There are moments in history where you can never know what happened. Everyone looks at it from a different perspective; everyone sees something different in it. There are always moments that are unsure. Here's an example to illustrate what I mean. Umberto II of Italy was killed by an anarchist, an Italian anarchist living in the US. The anarchist movement had a huge following in Italy at the time. The fascist movement came out of it. The black shirt of the fascists came from the anarchist movement. Anyway, this anarchist killed the king. Since there was no death penalty in Italy at the time, he received a life sentence. He hanged himself within a year. Soon after, the governor of the prison became a baron and a general. So, did the anarchist kill himself or not?
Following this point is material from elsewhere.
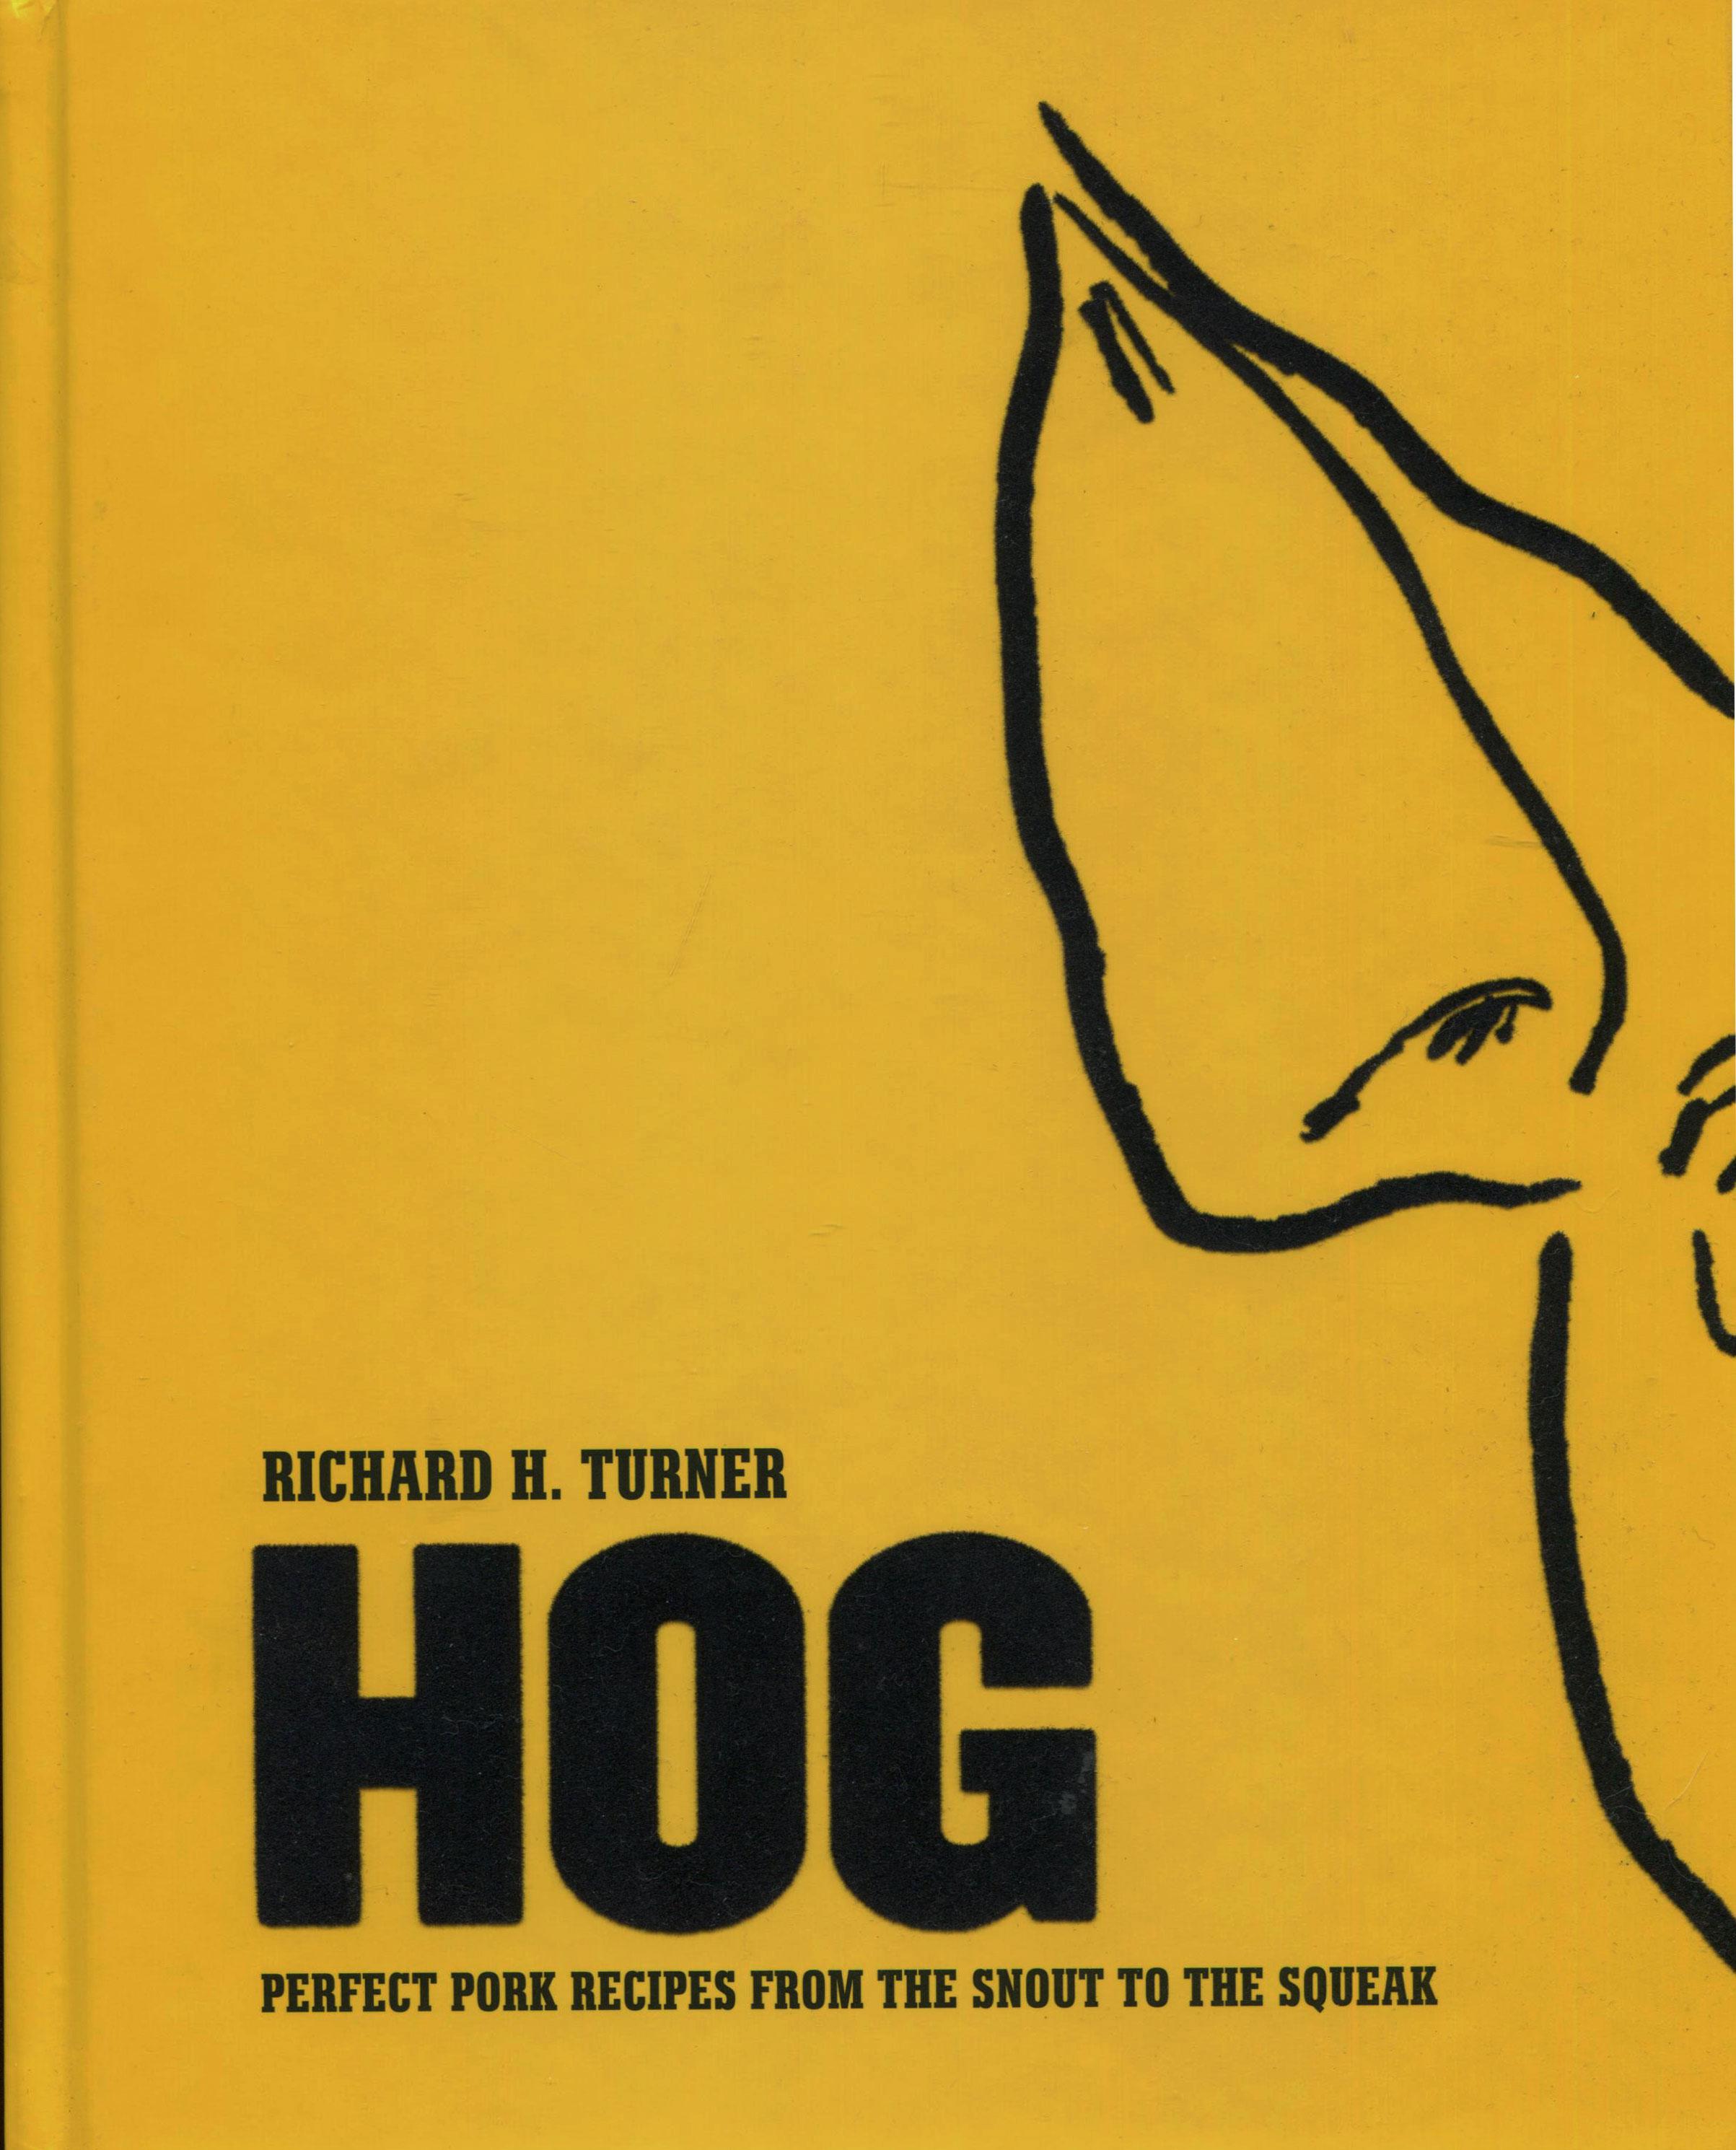 Best of Cookbook Reviews: Hog by Richard H. Turner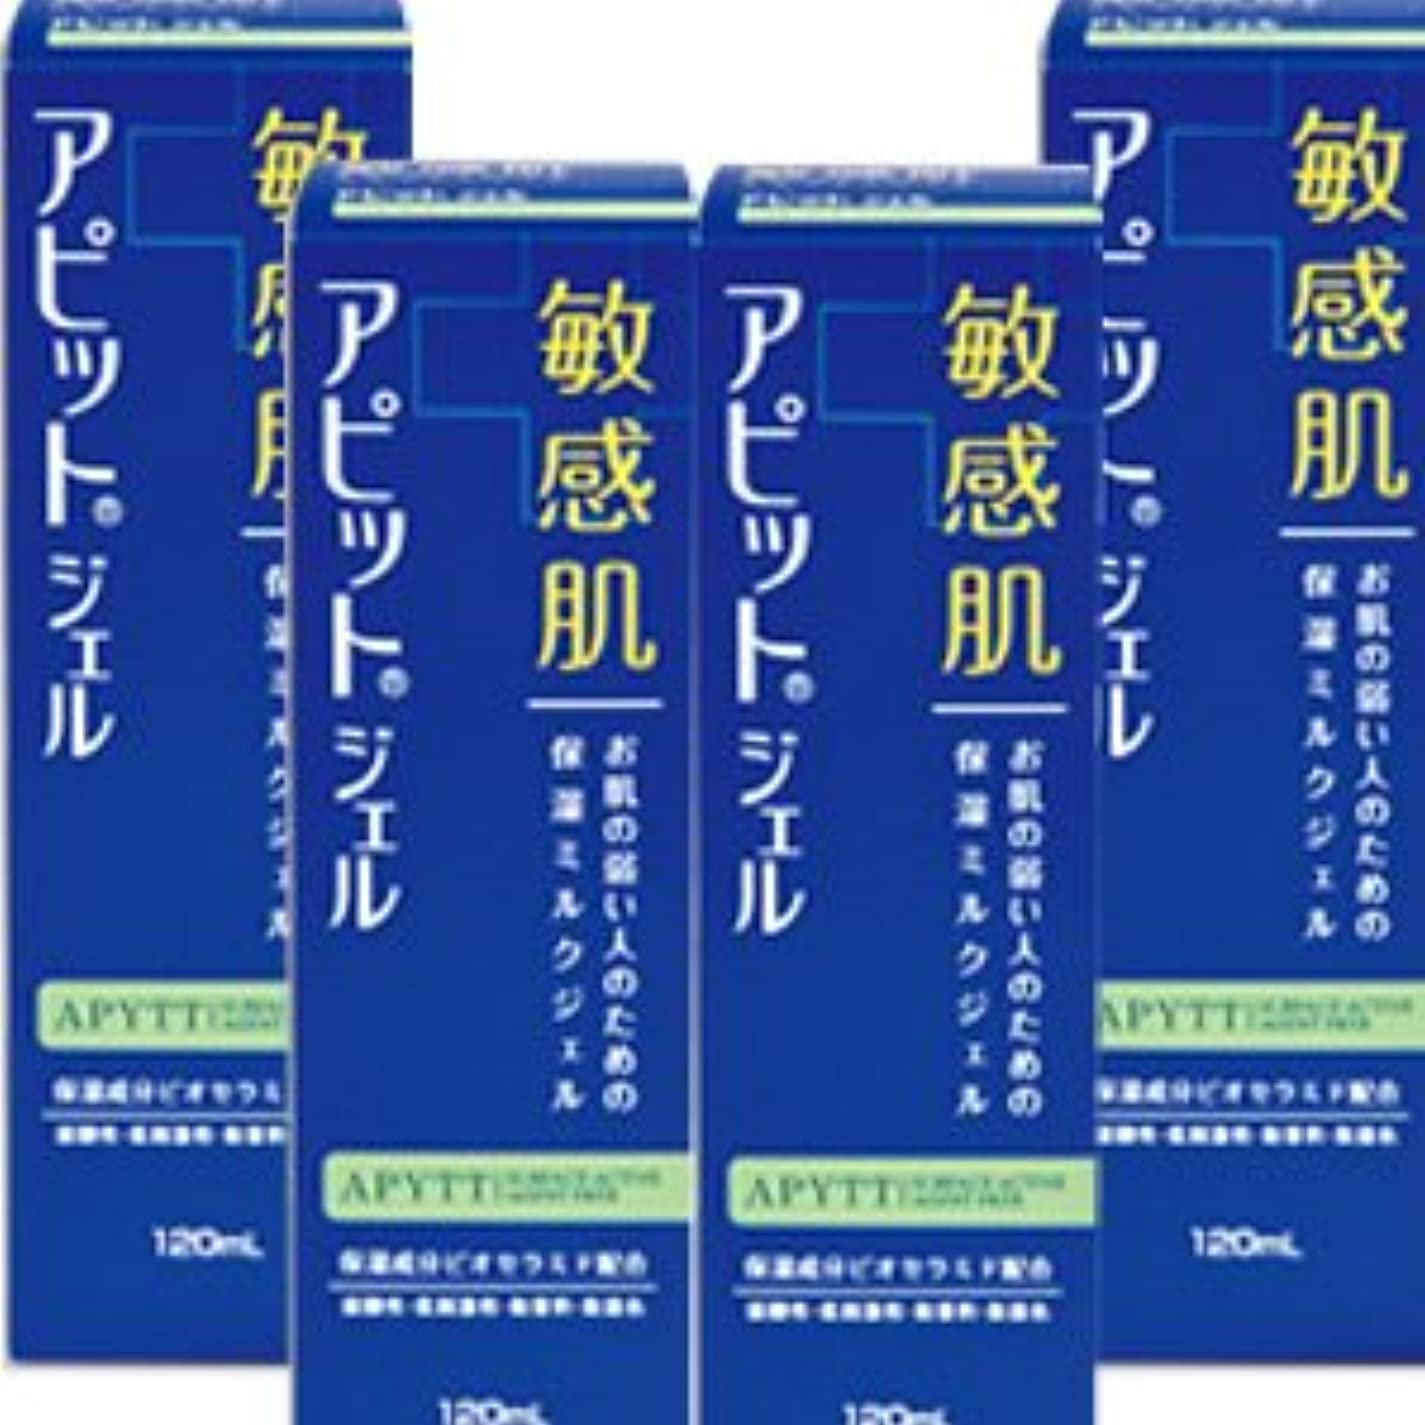 馬力待つ帳面【4個】全薬工業 アピットジェルS 120mlx4個セット (4987305034625)

These are the little moments of history I am interested in.
I was the fifth person to make a film about the death of Crown Prince Rudolph, in the "Maylering affair." And it was the fifth version of what could have happened. There's another story connected to this. It was an Italian production and we were shooting in Croatia in a small castle. The castle was in a beautiful park and the director was very young. We became good friends. I'd been working in the castle for some time already, and I looked up at the wall and I saw a large coat of arms there. So I asked whose it was. And the director told me it was the Marquis de Bombel. Bombel was head of Rudolf's personal guard. I knew about him, so I asked when he got the castle. He got it from the Emperor just after Rudolf died. Now there is the question, did Rudolf kill himself?
Your films always lack psychologising. Why do you veer away from this approach?
Well, they say I don't do psychologising. But I'm not an expert in this, so it's hard to tell. In my films there are types of people. I always liked westerns, like those by John Ford. In them, there's not so much psychologising; it's action and strong characters.
Is this why you like to work with same actors over and over again?
Yes, but I often change which sets of actors I'm using. First, I use one set and then I use another set. But basically, yes, an actor represents a certain type.
You don't like montage either.
For a while I was famous (and other people too) for my "long takes," these sequence shots that last several minutes. At that time it was really special. Within these sequence shots there were close-ups and long shots—everything. Film-making is really over that now. With the influence of commercials and music, editing has become snappier. Unavoidably in a long shot you have empty moments, and it can be boring today. But, for example, Béla Tarr uses them to say something today.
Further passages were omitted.